Evaluation of Virtual Touch Tissue Imaging Quantification, a New Shear Wave Velocity Imaging Method, for Breast Lesion Assessment by Ultrasound

Michael Golatta 1,*, Mirjam Schweitzer-Martin 1, Aba Harcos 1, Sarah Schott 1, Christina Gomez 1, Anne Stieber 1, Geraldine Rauch 2, Christoph Domschke 1, Joachim Rom 1, Florian Schütz 1, Christof Sohn 1, Jörg Heil 1
PMCID: PMC3988855  PMID: 24800257

Abstract

Objectives. To evaluate virtual touch tissue imaging quantification (VTIQ) as a new elastography method concerning its intra- and interexaminer reliability and its ability to differentiate benign from malignant breast lesions in comparison to and in combination with ultrasound (US) B-mode breast imaging reporting and data system (BI-RADS) assessment. Materials and Methods. US and VTIQ were performed by two examiners in 103 women with 104 lesions. Intra- and interexaminer reliability of VTIQ was assessed. The area under the receiver operating curve (AUC), sensitivity, specificity, positive predictive value (PPV), and negative predictive value (NPV) of BIRADS, VTIQ, and combined data were compared. Results. Fifty-four of 104 lesions were malignant. Intraexaminer reliability was consistent, and interexaminer agreement showed a strong positive correlation (r = 0.93). The mean VTIQ values in malignant lesions were significantly higher than those in benign (7.73 m/s ± 1.02 versus 4.46 m/s ± 1.87; P < 0.0001). The combination of US-BIRADS with the optimal cut-off for clinical decision making of 5.18 m/s yielded a sensitivity of 98%, specificity of 82%, PPV of 86%, and NPV of 98%. The combination of BIRADS and VTIQ led to improved test validity. Conclusion. VTIQ is highly reliable and reproducible. There is a significant difference regarding the mean maximum velocity of benign and malignant lesions. Adding VTIQ to BIRADS assessment improves the specificity.

1. Introduction

Breast ultrasound (US) is used to differentiate between benign and malignant lesions. The B-mode technique is commonly applied to evaluate morphologic features as, for example, shape and margin of a lesion [14]. Unfortunately B-mode US suffers from varying specificity [57].

A newer development is elastography, which can measure the stiffness of tissue [8, 9]. Within the last few years various studies have evaluated different methods of elastography showing that elastography has the same diagnostic performance as B-mode US and in combination with B-mode US it can help improve the differentiation of benign and malignant lesions [1012]. Since malignant lesions often alter tissue stiffness the basic hypothesis of all elastography techniques is that malignant tissue is stiffer than benign tissue. This can help to differentiate them [1316].

First studies on strain elastography showed several disadvantages; most meaningful is the interexaminer variability concerning the acquisition and interpretation and the qualitative strain information [17, 18]. In spite of these limitations of the method the diagnostic accuracy of elastography was at least as good as that of standard B-mode US breast imaging reporting and data system (BI-RADS) assessment, which provides standardized terminology to describe US mass features, assessments, and recommendations [1922]. In order to improve the diagnostic quality in terms of sensitivity, specificity, and predictive value examiner independency and reproducibility have to be addressed. One possibility to improve the diagnostic accuracy of elastography would be a highly reproducible quantitative method which could be compared objectively. The virtual touch tissue imaging quantification (VTIQ) method has the potential to technically overcome the limitations of former approaches of strain elastography because it is meant to be less examiner dependent and reproducible and results in an absolute measurement of tissue stiffness in the region of interest.

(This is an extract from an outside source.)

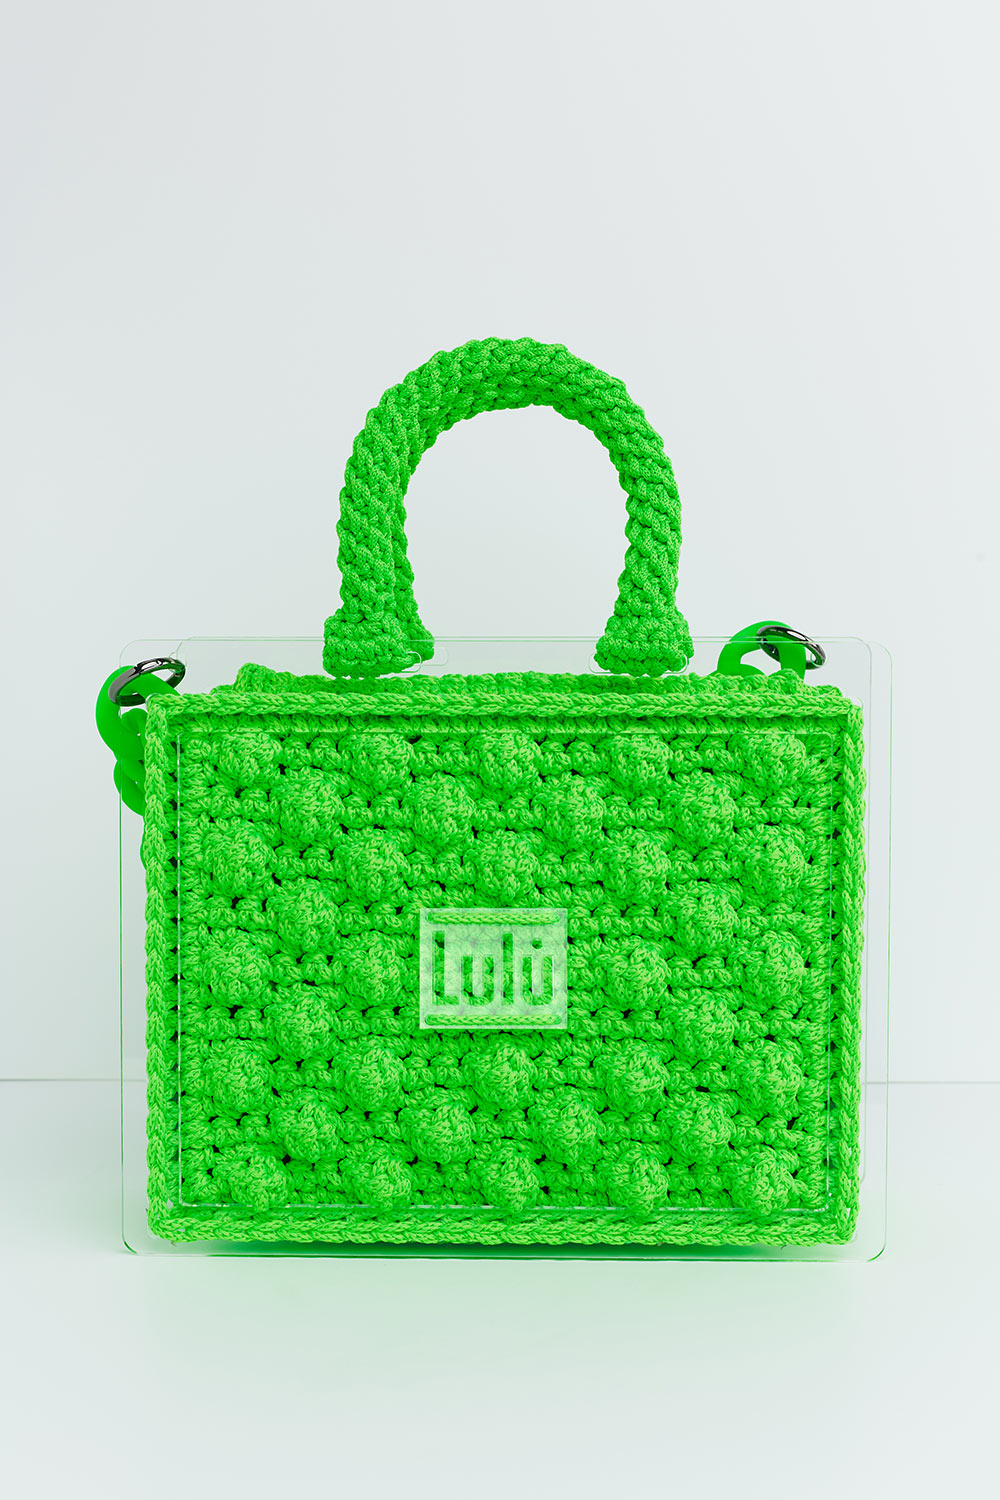 500 P/L Plexiglass Bag in green

The aim of this study is to prospectively evaluate this new method of virtual touch tissue imaging quantification (VTIQ) concerning its intra- and interexaminer reliability. In addition its ability of differentiating benign from malignant lesions on the basis of the lesion's stiffness will be evaluated and compared to conventional B-mode US BI-RADS assessment and the combination of both methods.

2. Material and Methods

2.1. Virtual Touch Tissue Imaging Quantification (VTIQ)

Virtual touch tissue imaging quantification (SIEMENS Medical Solutions, Mountain View, CA, USA) is a new elastography technique. Early elastography relied on manual compression and decompression applied by the examiner [23]. To improve examiner independency and reproducibility the tissue compression is automated in VTIQ. The probe generates a longitudinal push pulse which causes minimal localized displacement and is tracked by a detection pulse [12, 24, 25]. Therefore—compared to other available elastography techniques—measuring the shear wave propagation induced by the automated push pulse is meant to be the most standardized and examiner independent technique [18]. For VTIQ we used a 9 MHz probe (9L4 Siemens) equipped with the ability of generating a low frequent longitudinal push pulse. The push pulse induces shear waves which travel perpendicular to the ultrasound beam [26]. VTIQ measures the speed of the perpendicular shear waves by detection pulses. Because the speed of the shear waves propagating through the tissue is proportional to the stiffness of the tissue, a color coded map in the region of interest (ROI) gives information on the tissue stiffness [18, 26]. The shear wave velocity can be quantitatively measured in meters per second (m/s) within the ROI, up to 8.40 m/s [24]. Manual precompression of the tissue changes the elasticity and makes the tissue stiffer [27]; to obtain the most reproducible and optimal images it is therefore essential to minimize the precompression. Because shear waves cannot propagate in vicious fluid, no signal can be measured, for example, in cysts [28, 29].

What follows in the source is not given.